___ Supplied material
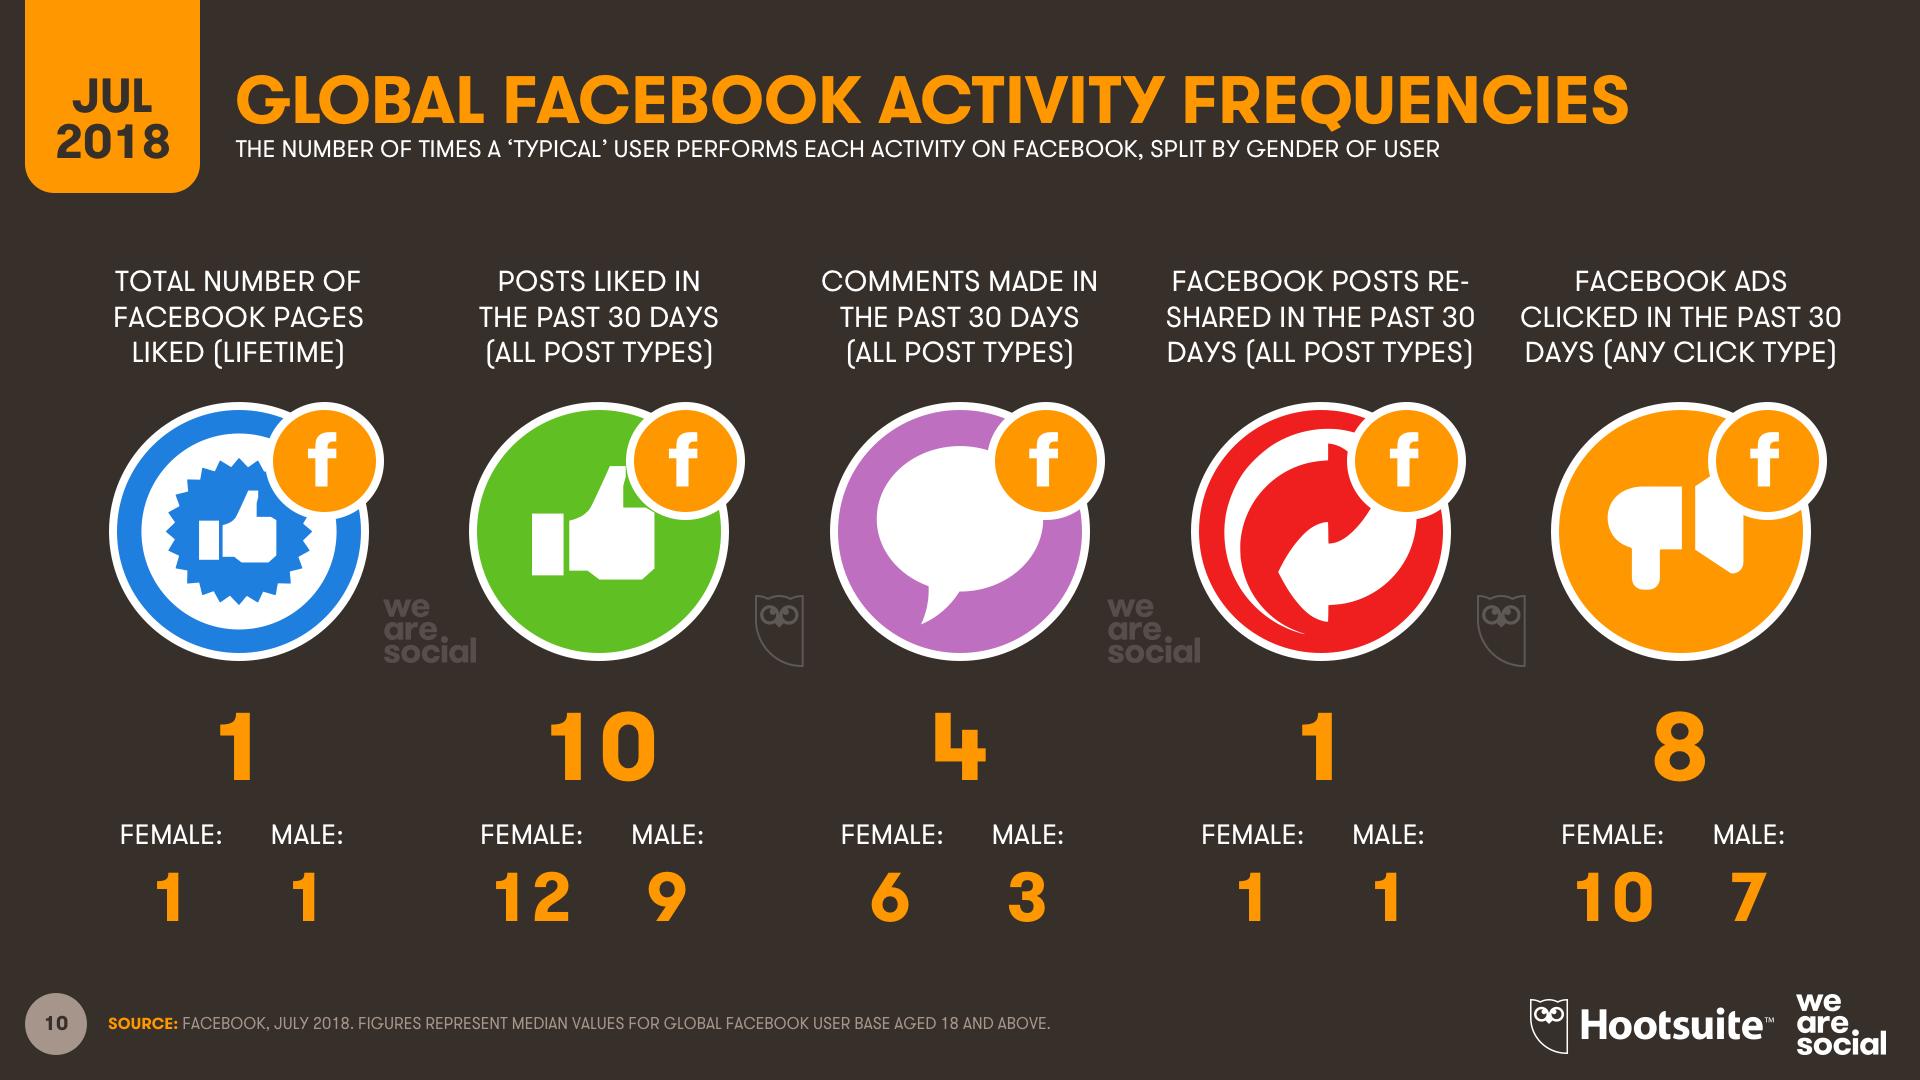 Facebook Global Activity Frequencies July 2018 DataReportal
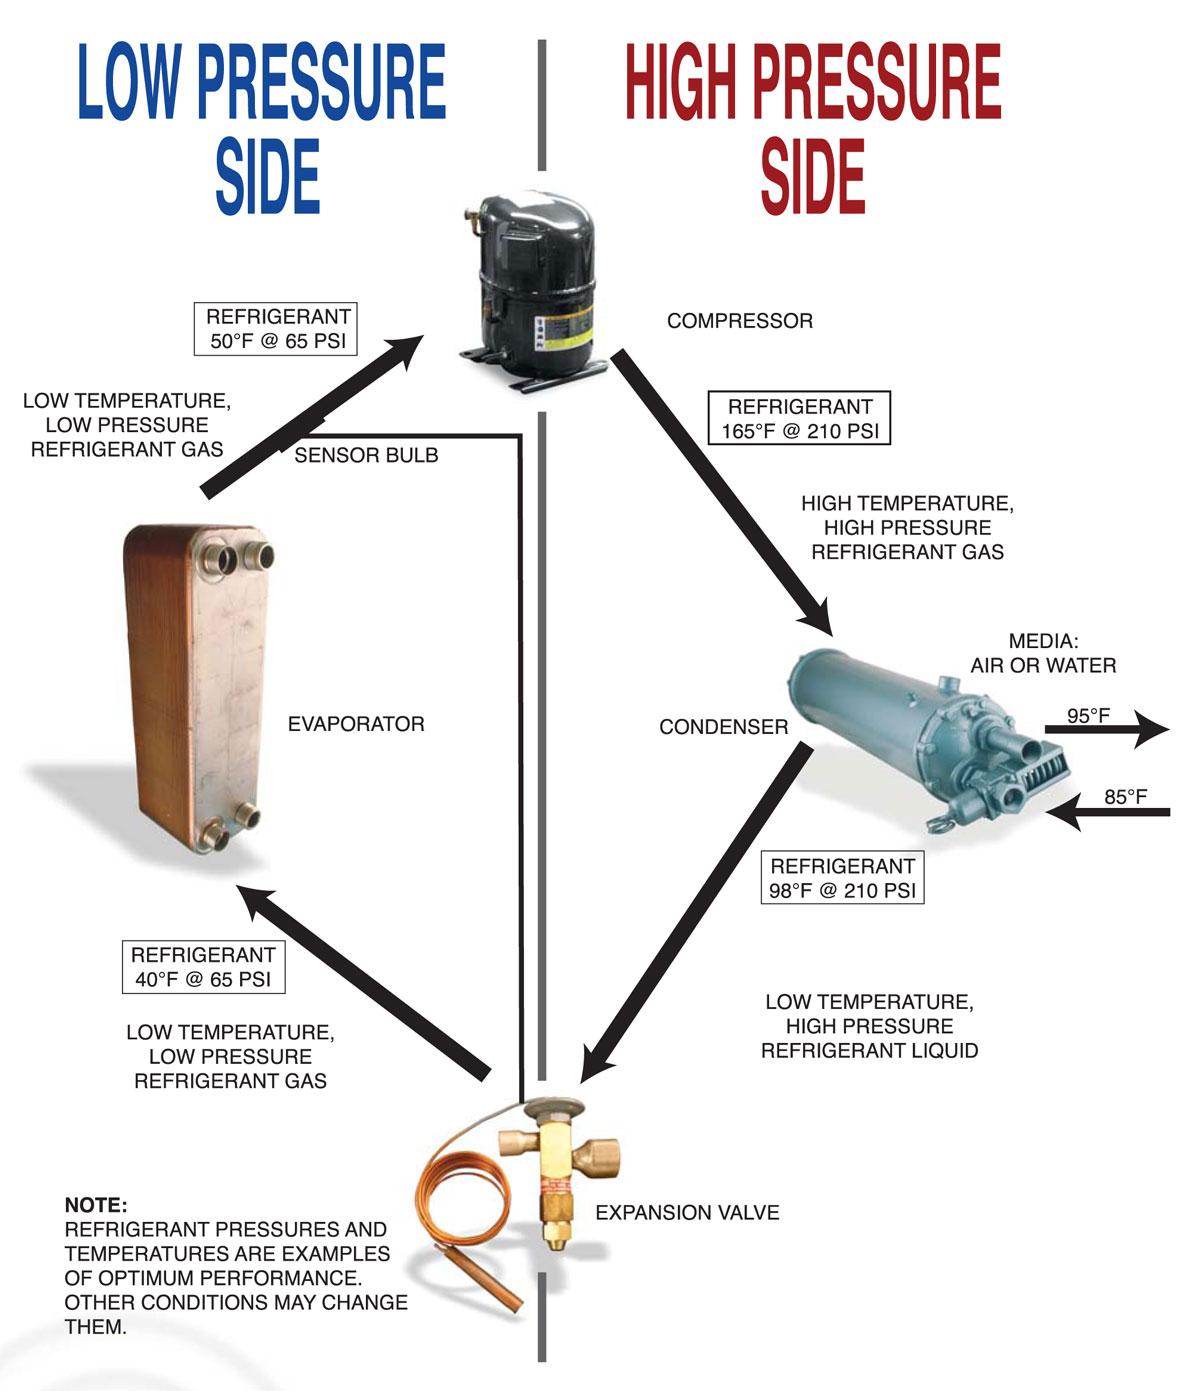 Basic Refrigerant Circuit With Pressure And Temperature
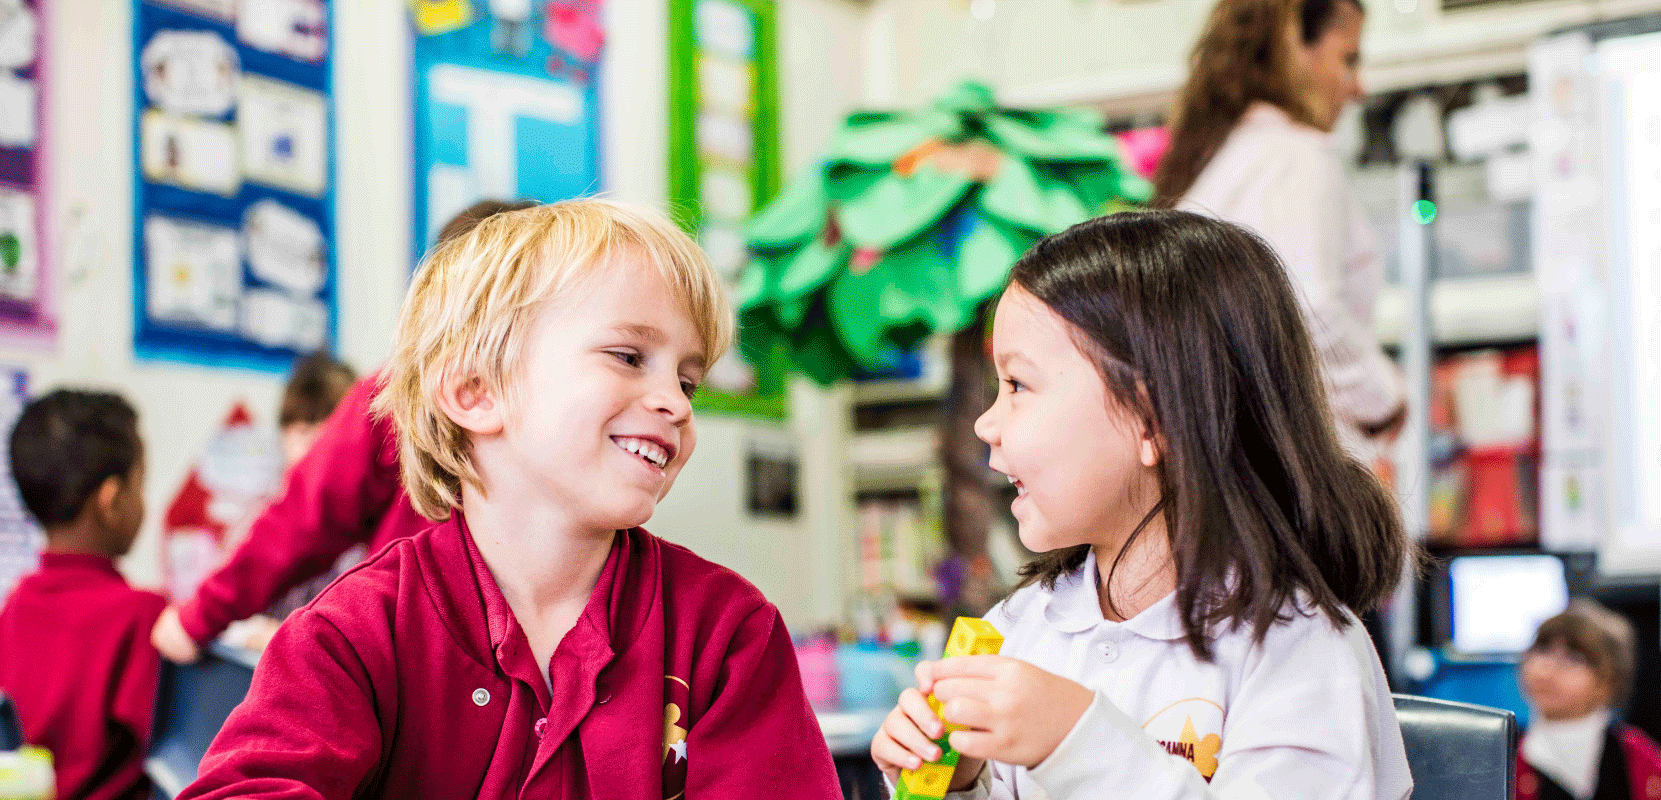 Australian Institute for Teaching and School Leadership
______
Work instruction | Return the listing exactly as it appears, excluding any image.

Finished task |
 Facebook Global Activity Frequencies July 2018 DataReportal
 Basic Refrigerant Circuit With Pressure And Temperature
 Australian Institute for Teaching and School Leadership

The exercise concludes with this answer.